§ **Exercise instructions**
Word for word, write the lines below out again, with no pictures.

(Data below begins)

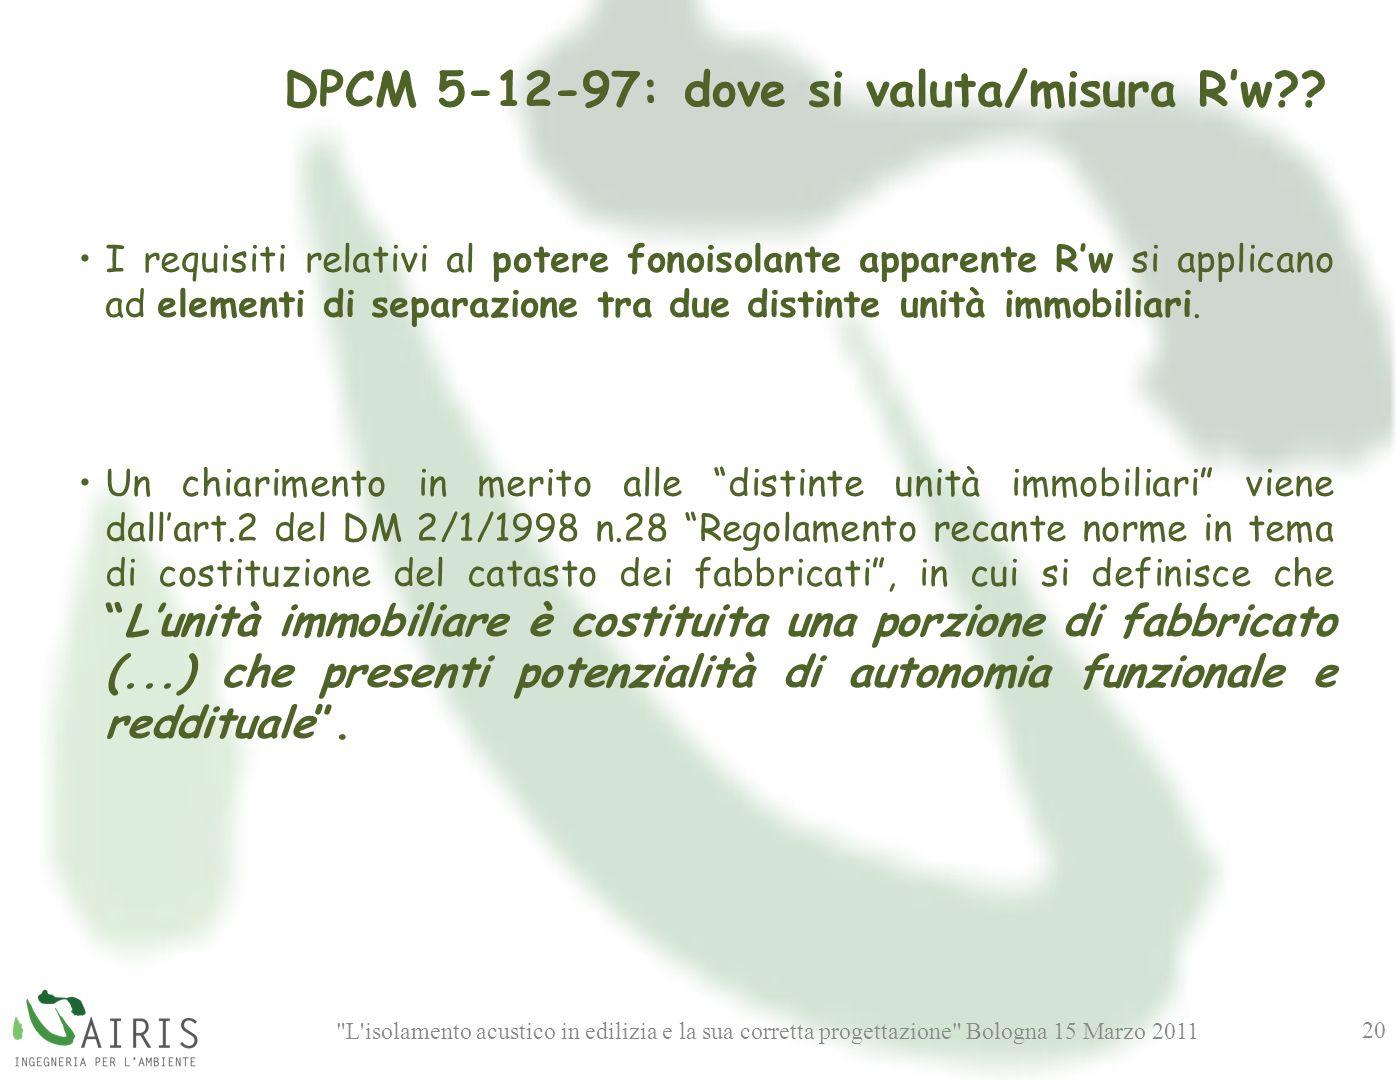 L isolamento acustico in edilizia e la sua corretta progettazione Bologna 15 Marzo 2011 20 DPCM 5-12-97: dove si valuta/misura Rw?.
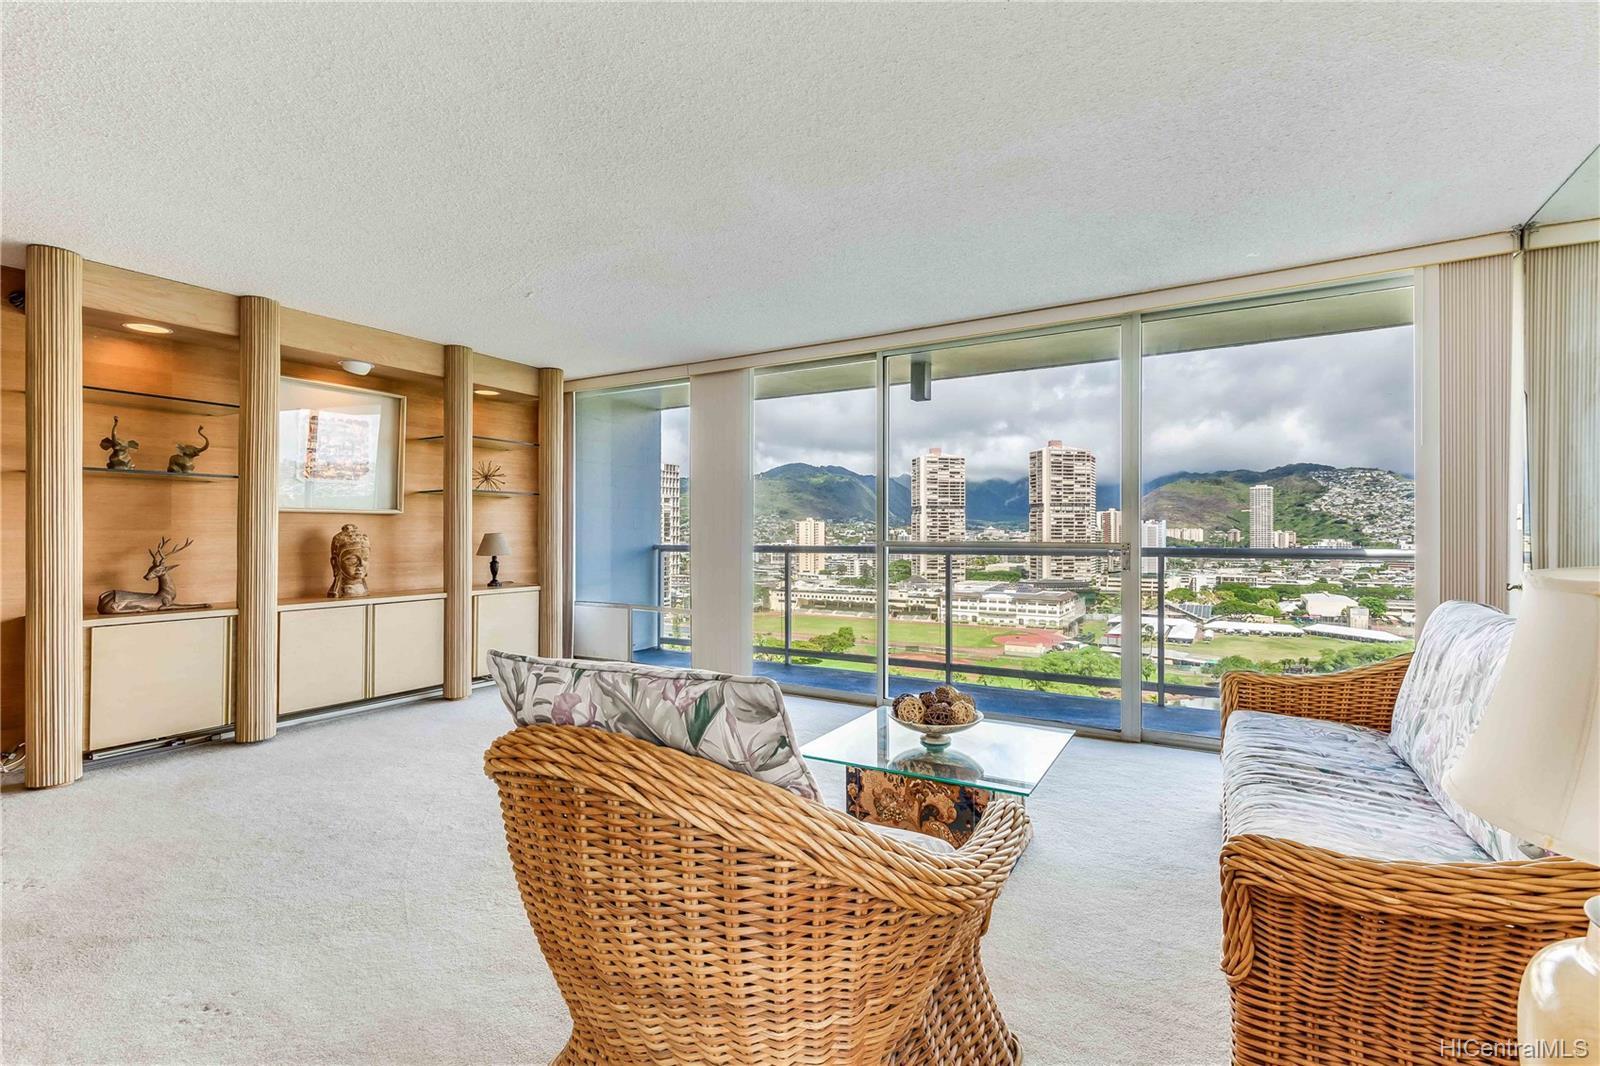 2233 Ala Wai condo # 18A, Honolulu, Hawaii - photo 3 of 20
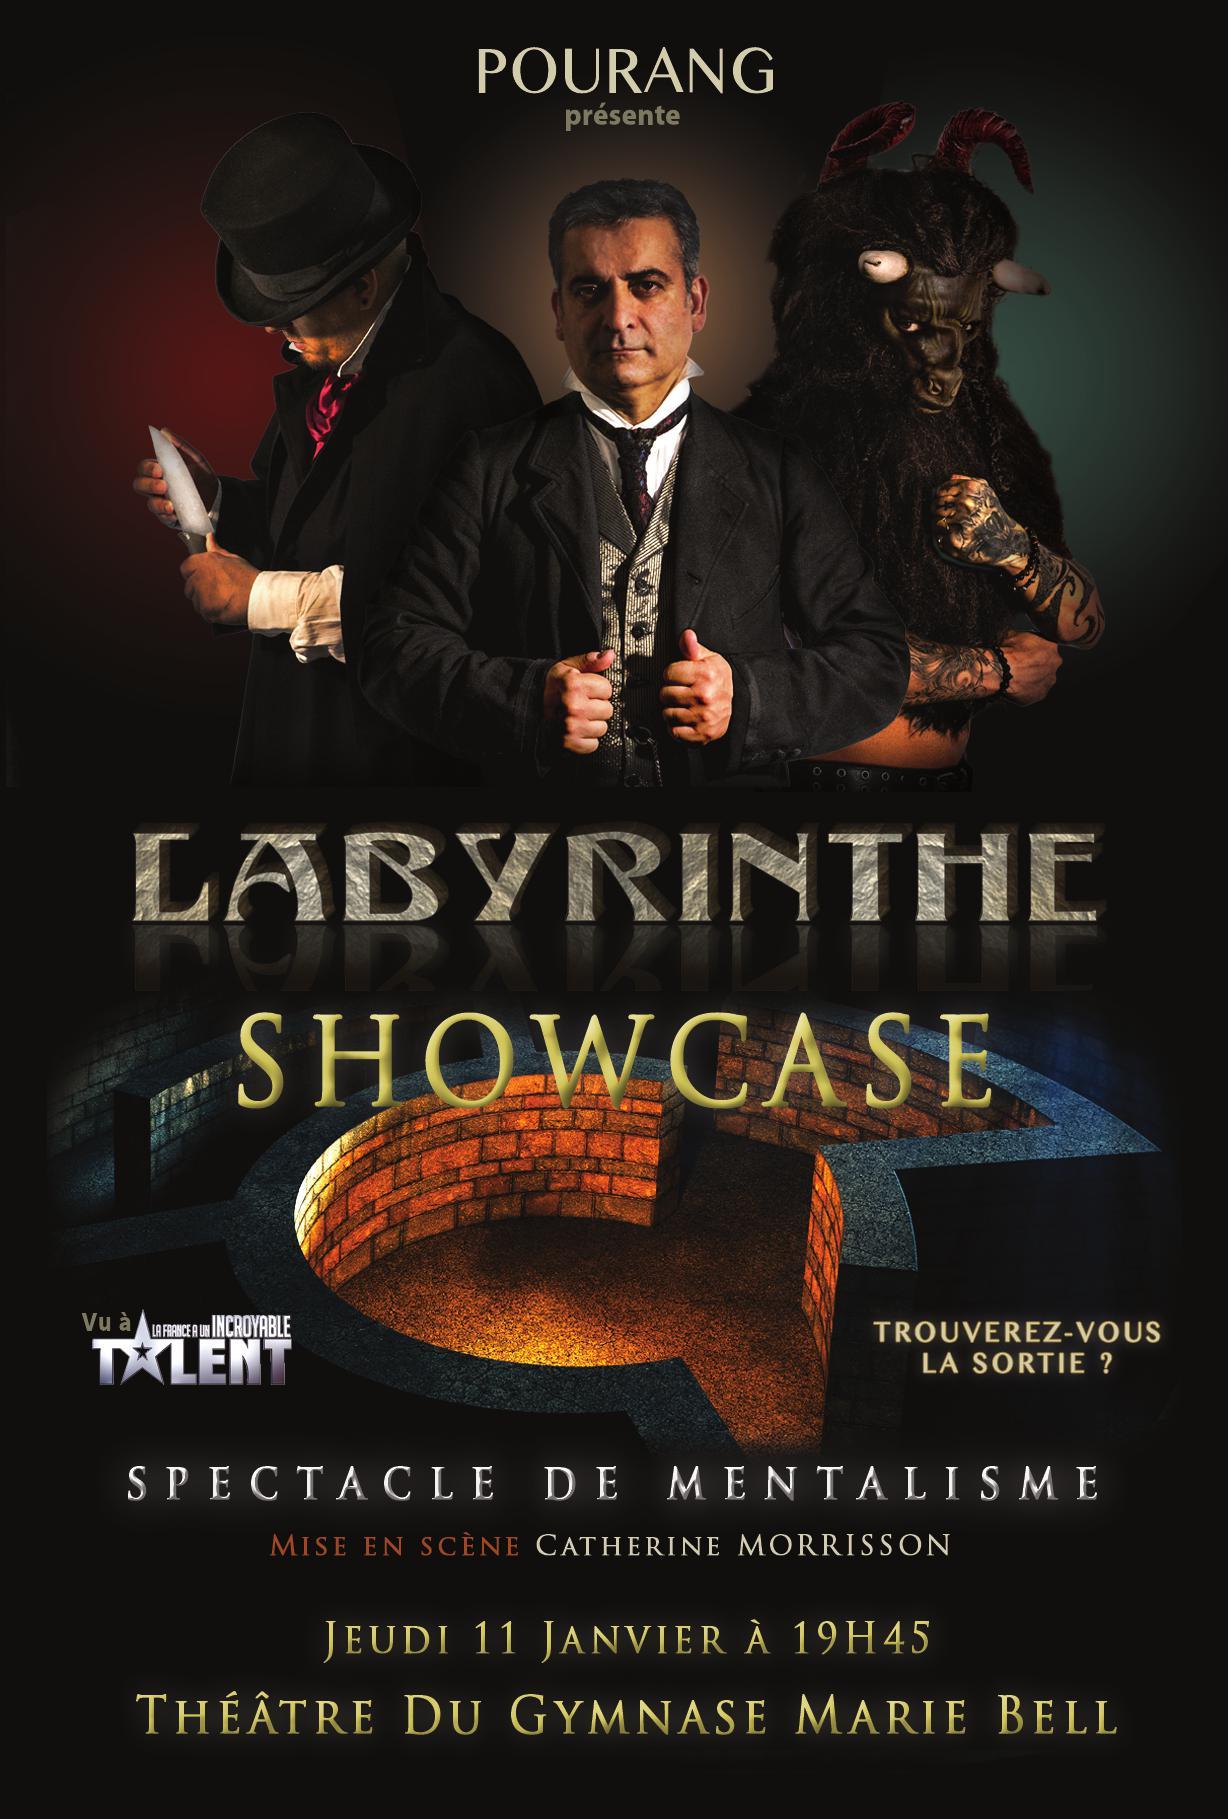 Flyer_recto_10x15 showcase_000001
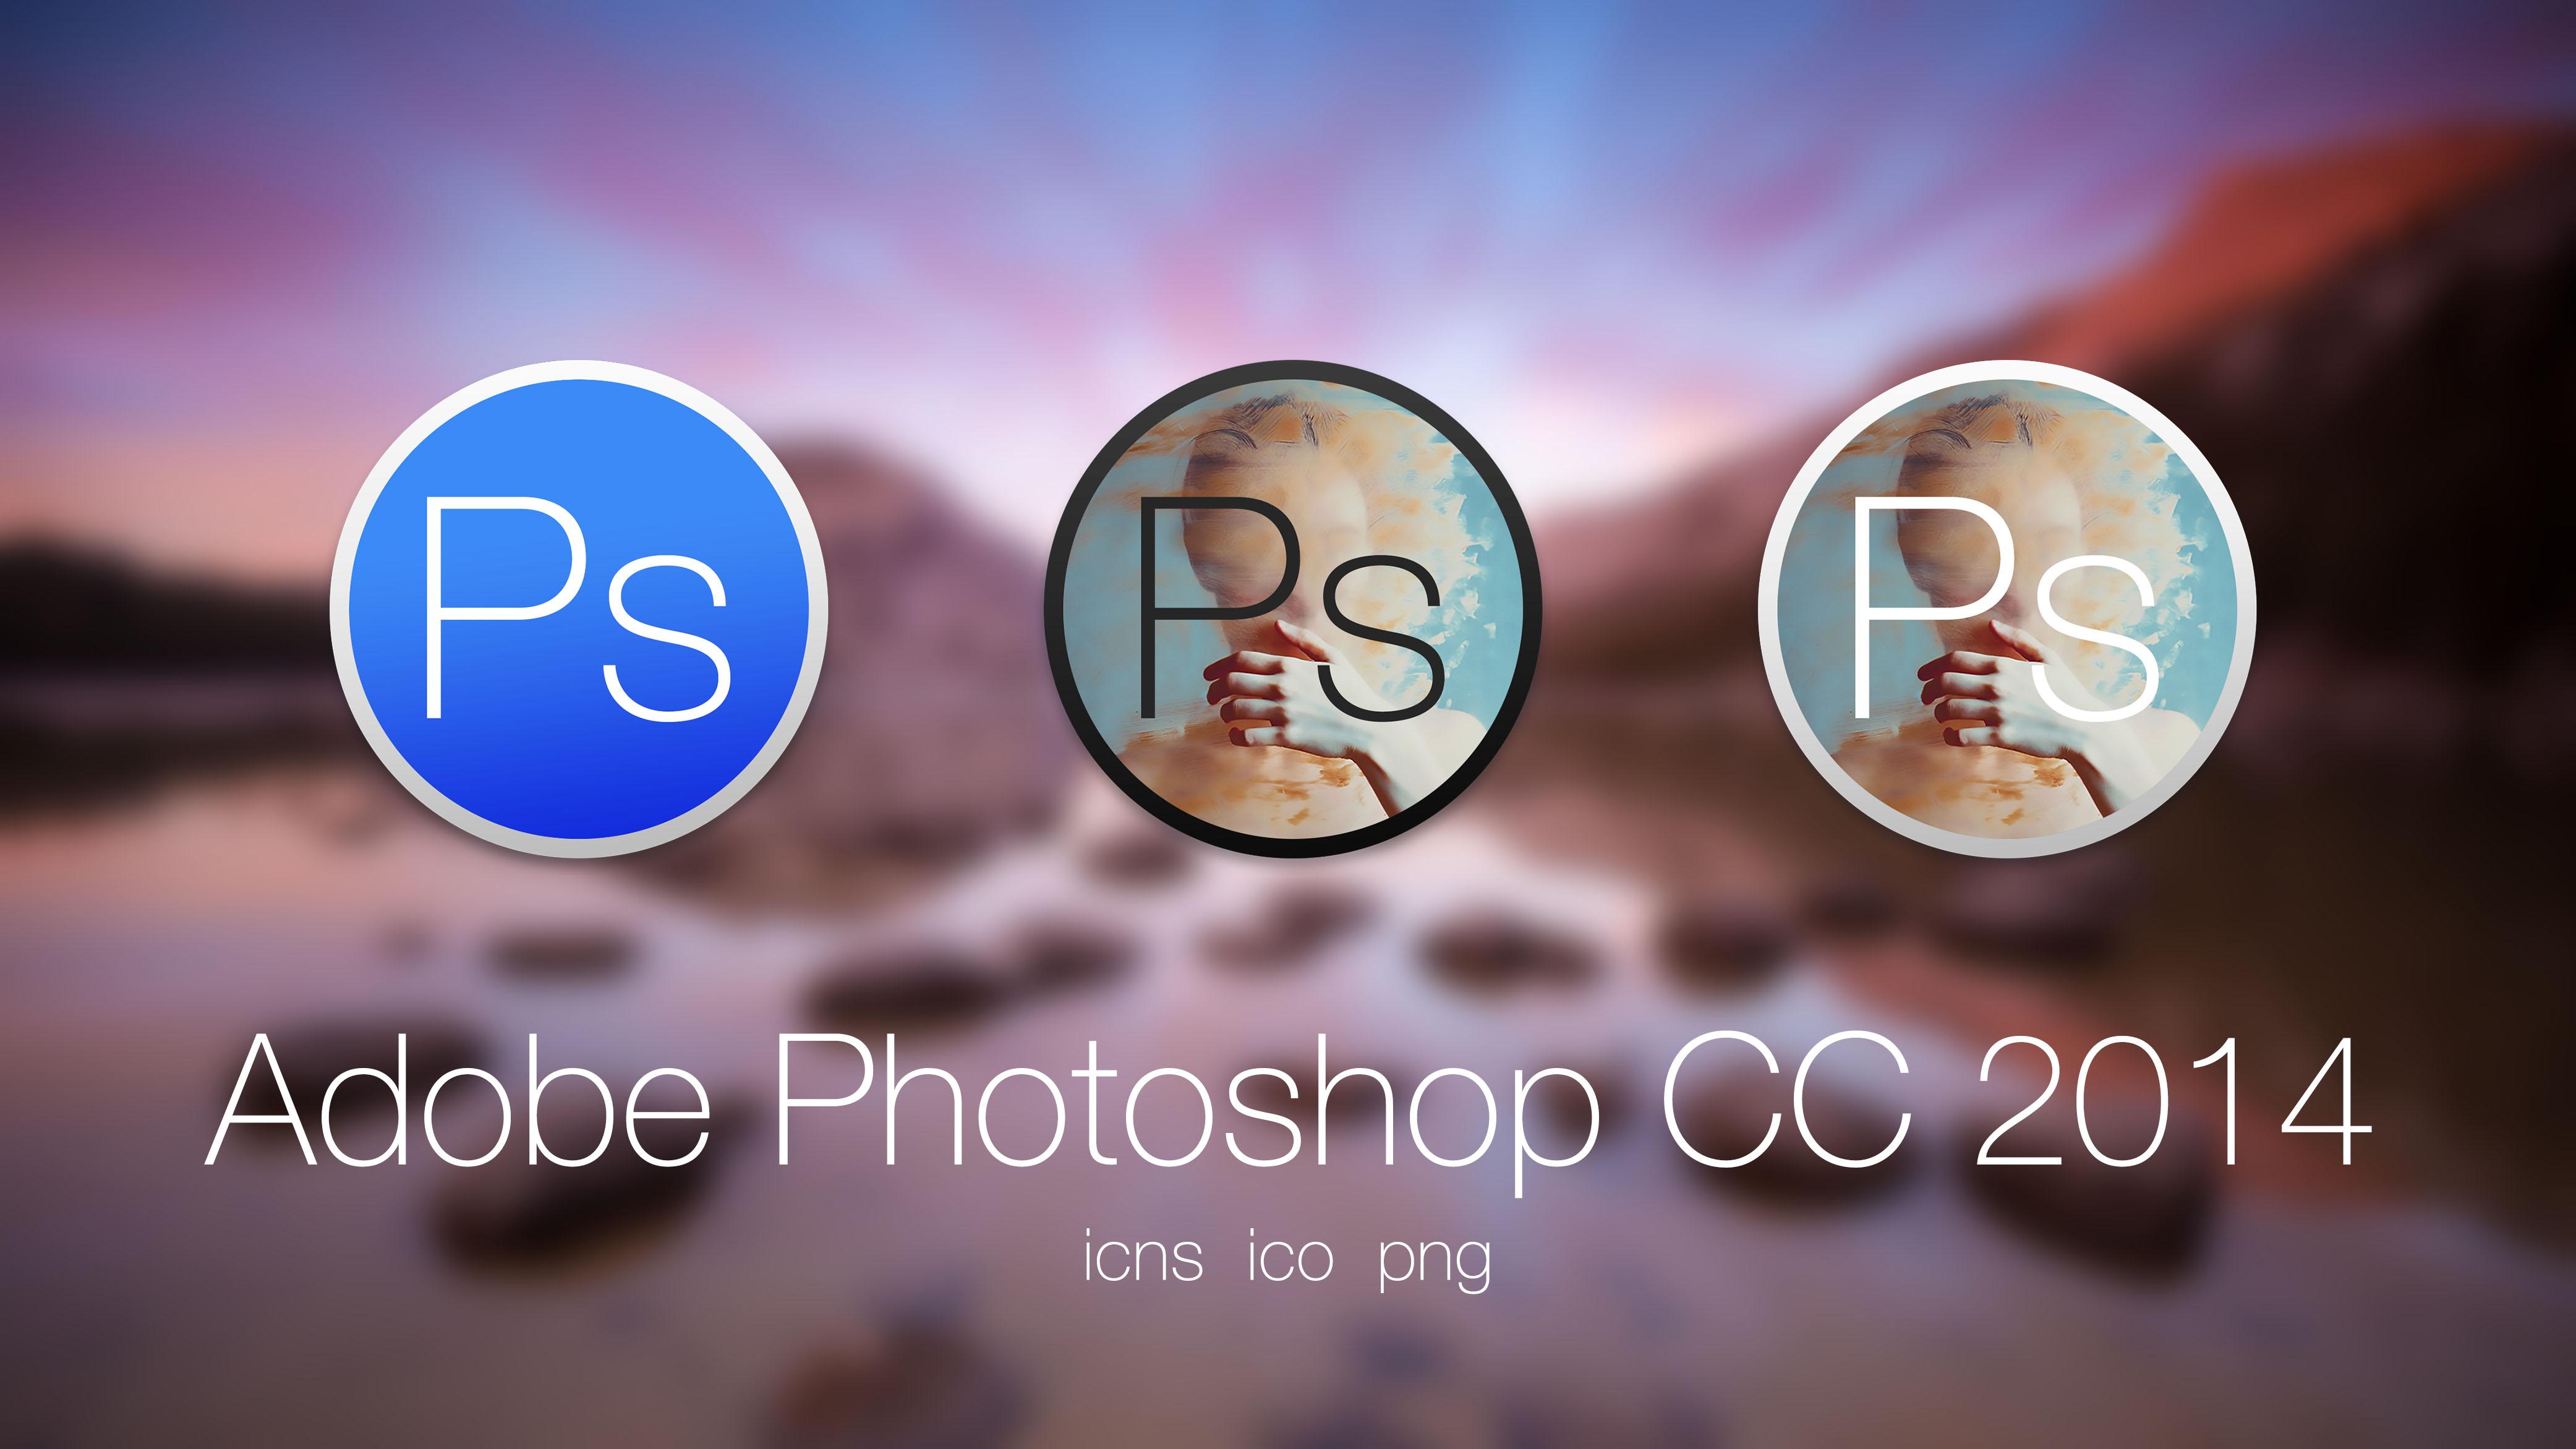 Adobe photoshop cc 2014 for mac os x

(Data below ends)

§ **Problem solution**
 L isolamento acustico in edilizia e la sua corretta progettazione Bologna 15 Marzo 2011 20 DPCM 5-12-97: dove si valuta/misura Rw?.
 2233 Ala Wai condo # 18A, Honolulu, Hawaii - photo 3 of 20
 Flyer_recto_10x15 showcase_000001
 Adobe photoshop cc 2014 for mac os x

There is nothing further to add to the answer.